Your objective →
Retype, word for word, every line of the records below starting at the one that contains "Crispy Chocolate Chip" and ending at the one that contains "pointillistic style illustration"; include both of those lines and nothing more.

(Collected data)

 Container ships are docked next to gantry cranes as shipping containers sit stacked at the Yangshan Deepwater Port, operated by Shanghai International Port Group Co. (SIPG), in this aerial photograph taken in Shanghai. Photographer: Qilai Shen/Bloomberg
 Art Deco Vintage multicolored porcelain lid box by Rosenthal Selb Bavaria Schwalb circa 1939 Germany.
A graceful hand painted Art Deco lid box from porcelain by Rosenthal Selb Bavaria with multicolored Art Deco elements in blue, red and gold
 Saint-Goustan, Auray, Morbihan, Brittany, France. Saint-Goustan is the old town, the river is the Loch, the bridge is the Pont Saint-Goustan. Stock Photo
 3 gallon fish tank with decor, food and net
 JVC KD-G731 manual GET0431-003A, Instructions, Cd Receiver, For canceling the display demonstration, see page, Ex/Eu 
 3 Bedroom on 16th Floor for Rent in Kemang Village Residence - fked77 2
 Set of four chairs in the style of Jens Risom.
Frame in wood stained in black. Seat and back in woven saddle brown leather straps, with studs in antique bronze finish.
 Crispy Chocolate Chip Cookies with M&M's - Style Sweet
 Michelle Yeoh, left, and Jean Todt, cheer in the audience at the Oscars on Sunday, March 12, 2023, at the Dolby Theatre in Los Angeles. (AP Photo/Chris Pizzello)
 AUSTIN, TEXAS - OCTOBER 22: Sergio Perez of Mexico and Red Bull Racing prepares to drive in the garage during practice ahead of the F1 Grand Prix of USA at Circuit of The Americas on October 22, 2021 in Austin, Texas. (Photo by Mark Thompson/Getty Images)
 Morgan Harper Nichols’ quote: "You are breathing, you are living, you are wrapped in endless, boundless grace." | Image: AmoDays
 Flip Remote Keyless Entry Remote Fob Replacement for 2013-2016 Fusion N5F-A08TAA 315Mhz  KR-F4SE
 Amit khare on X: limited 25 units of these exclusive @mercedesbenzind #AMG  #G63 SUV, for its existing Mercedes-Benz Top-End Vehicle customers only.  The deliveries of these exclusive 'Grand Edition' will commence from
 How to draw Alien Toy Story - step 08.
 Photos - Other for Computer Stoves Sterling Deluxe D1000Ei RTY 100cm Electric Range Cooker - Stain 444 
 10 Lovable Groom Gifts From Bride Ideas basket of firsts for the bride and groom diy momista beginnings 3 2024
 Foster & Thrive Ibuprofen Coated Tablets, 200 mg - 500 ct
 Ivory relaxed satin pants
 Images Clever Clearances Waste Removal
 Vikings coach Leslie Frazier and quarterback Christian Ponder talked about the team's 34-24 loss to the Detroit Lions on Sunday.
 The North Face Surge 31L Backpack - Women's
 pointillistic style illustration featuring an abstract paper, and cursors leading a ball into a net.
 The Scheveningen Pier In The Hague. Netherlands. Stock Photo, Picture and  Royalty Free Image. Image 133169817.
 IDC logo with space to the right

Answer for this exercise →
 Crispy Chocolate Chip Cookies with M&M's - Style Sweet
 Michelle Yeoh, left, and Jean Todt, cheer in the audience at the Oscars on Sunday, March 12, 2023, at the Dolby Theatre in Los Angeles. (AP Photo/Chris Pizzello)
 AUSTIN, TEXAS - OCTOBER 22: Sergio Perez of Mexico and Red Bull Racing prepares to drive in the garage during practice ahead of the F1 Grand Prix of USA at Circuit of The Americas on October 22, 2021 in Austin, Texas. (Photo by Mark Thompson/Getty Images)
 Morgan Harper Nichols’ quote: "You are breathing, you are living, you are wrapped in endless, boundless grace." | Image: AmoDays
 Flip Remote Keyless Entry Remote Fob Replacement for 2013-2016 Fusion N5F-A08TAA 315Mhz  KR-F4SE
 Amit khare on X: limited 25 units of these exclusive @mercedesbenzind #AMG  #G63 SUV, for its existing Mercedes-Benz Top-End Vehicle customers only.  The deliveries of these exclusive 'Grand Edition' will commence from
 How to draw Alien Toy Story - step 08.
 Photos - Other for Computer Stoves Sterling Deluxe D1000Ei RTY 100cm Electric Range Cooker - Stain 444 
 10 Lovable Groom Gifts From Bride Ideas basket of firsts for the bride and groom diy momista beginnings 3 2024
 Foster & Thrive Ibuprofen Coated Tablets, 200 mg - 500 ct
 Ivory relaxed satin pants
 Images Clever Clearances Waste Removal
 Vikings coach Leslie Frazier and quarterback Christian Ponder talked about the team's 34-24 loss to the Detroit Lions on Sunday.
 The North Face Surge 31L Backpack - Women's
 pointillistic style illustration featuring an abstract paper, and cursors leading a ball into a net.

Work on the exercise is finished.